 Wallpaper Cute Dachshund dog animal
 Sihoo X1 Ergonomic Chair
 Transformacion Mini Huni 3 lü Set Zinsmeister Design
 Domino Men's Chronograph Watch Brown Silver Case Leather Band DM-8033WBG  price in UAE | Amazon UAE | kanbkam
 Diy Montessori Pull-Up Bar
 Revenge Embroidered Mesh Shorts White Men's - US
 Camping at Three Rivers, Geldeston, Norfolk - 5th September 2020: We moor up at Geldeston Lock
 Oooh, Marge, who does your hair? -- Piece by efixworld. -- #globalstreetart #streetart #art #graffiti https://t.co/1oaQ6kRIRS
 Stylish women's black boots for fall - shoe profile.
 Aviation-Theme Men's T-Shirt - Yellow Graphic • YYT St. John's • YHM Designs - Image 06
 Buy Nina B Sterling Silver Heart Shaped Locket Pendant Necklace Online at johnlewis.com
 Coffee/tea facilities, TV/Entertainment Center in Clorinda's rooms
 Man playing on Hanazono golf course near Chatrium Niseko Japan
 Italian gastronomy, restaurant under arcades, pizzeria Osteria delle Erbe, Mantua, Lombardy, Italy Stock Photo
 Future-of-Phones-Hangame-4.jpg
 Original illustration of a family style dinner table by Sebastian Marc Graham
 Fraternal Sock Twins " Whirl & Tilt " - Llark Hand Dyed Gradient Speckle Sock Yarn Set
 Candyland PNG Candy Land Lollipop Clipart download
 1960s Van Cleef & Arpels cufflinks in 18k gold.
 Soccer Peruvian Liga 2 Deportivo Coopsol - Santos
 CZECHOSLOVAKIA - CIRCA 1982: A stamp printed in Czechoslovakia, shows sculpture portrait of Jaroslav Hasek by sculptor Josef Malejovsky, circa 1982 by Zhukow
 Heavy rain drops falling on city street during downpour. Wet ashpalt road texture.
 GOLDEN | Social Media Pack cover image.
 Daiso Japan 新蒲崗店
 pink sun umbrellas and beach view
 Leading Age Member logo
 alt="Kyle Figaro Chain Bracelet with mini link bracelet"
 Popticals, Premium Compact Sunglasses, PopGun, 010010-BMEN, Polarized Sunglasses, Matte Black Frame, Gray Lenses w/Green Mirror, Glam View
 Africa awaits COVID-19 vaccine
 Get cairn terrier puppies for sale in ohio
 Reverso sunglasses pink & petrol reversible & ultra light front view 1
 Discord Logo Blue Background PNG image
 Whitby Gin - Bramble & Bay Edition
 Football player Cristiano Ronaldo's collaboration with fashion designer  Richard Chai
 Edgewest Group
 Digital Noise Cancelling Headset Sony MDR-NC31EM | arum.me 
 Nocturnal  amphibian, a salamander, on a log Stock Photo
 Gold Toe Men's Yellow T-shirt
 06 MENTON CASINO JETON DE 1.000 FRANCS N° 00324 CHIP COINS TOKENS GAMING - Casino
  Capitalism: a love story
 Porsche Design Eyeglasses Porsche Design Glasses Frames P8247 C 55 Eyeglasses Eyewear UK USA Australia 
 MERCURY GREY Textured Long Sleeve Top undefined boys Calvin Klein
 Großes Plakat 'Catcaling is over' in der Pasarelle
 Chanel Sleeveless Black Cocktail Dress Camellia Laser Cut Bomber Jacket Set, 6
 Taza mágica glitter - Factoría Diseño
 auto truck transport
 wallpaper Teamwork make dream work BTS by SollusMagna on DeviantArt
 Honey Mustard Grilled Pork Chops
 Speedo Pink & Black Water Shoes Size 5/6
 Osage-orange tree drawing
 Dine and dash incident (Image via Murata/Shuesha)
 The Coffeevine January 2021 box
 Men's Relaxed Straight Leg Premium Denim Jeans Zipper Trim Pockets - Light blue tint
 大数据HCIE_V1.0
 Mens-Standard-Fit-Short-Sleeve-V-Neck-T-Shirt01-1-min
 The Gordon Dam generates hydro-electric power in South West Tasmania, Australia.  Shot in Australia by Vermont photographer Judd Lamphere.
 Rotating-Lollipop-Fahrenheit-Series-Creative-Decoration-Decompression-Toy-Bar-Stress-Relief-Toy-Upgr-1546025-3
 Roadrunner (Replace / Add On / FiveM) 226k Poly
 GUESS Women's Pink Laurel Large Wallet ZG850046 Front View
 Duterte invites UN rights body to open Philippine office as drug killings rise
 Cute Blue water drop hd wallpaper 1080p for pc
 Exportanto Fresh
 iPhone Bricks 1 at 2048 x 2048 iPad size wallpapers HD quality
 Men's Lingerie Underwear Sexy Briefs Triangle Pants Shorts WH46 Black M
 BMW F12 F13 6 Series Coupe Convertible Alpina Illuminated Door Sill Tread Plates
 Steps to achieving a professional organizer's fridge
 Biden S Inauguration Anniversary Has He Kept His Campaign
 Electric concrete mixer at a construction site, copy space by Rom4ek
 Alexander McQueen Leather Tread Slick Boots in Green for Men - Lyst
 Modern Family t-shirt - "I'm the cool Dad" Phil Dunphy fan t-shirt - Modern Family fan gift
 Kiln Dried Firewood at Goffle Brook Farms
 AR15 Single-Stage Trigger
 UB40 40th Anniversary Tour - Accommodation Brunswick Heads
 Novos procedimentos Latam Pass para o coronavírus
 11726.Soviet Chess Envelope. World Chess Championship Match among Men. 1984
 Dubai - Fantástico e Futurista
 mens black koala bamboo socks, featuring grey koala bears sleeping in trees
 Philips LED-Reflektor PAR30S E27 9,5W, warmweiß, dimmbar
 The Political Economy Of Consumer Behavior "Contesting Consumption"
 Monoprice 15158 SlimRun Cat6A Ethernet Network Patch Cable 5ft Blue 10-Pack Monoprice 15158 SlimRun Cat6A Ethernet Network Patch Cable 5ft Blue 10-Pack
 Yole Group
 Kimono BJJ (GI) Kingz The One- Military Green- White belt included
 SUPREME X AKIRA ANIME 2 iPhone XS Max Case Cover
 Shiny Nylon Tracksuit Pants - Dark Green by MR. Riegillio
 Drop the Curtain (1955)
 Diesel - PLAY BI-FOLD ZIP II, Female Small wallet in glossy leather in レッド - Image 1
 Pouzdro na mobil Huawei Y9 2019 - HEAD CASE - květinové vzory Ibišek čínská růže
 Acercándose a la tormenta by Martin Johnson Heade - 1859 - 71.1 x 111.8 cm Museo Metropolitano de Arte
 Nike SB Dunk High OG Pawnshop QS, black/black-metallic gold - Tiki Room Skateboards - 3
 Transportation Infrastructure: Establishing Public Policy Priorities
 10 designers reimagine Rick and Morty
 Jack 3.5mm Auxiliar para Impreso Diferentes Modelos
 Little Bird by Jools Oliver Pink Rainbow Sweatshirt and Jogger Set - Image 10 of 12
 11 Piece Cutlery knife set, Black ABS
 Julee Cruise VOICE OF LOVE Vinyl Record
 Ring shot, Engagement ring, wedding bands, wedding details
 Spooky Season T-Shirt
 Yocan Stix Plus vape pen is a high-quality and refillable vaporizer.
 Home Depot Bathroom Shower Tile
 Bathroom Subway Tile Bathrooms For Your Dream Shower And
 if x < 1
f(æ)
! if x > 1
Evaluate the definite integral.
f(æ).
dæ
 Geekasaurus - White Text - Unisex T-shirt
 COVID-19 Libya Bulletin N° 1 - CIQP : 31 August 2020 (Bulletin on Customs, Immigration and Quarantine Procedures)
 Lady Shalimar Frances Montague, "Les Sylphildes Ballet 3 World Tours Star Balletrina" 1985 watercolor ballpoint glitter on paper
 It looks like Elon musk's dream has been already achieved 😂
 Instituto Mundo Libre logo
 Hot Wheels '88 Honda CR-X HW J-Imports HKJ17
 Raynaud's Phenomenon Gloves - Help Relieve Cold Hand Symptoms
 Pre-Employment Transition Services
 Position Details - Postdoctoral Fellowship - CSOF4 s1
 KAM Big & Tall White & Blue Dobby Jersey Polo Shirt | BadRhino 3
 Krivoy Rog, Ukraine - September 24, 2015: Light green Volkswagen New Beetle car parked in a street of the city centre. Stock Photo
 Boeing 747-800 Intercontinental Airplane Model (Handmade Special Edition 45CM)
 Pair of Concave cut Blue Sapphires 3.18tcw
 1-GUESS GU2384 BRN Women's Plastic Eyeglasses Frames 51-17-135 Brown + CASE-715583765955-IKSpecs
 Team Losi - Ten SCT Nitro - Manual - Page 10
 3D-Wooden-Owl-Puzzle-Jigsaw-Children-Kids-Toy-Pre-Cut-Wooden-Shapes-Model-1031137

● ● ● ● ●

*What is being asked*. Over the whole listing above, how many lines contain the string "Edition"? The answer is that number alone.

*Exercise solution*. 2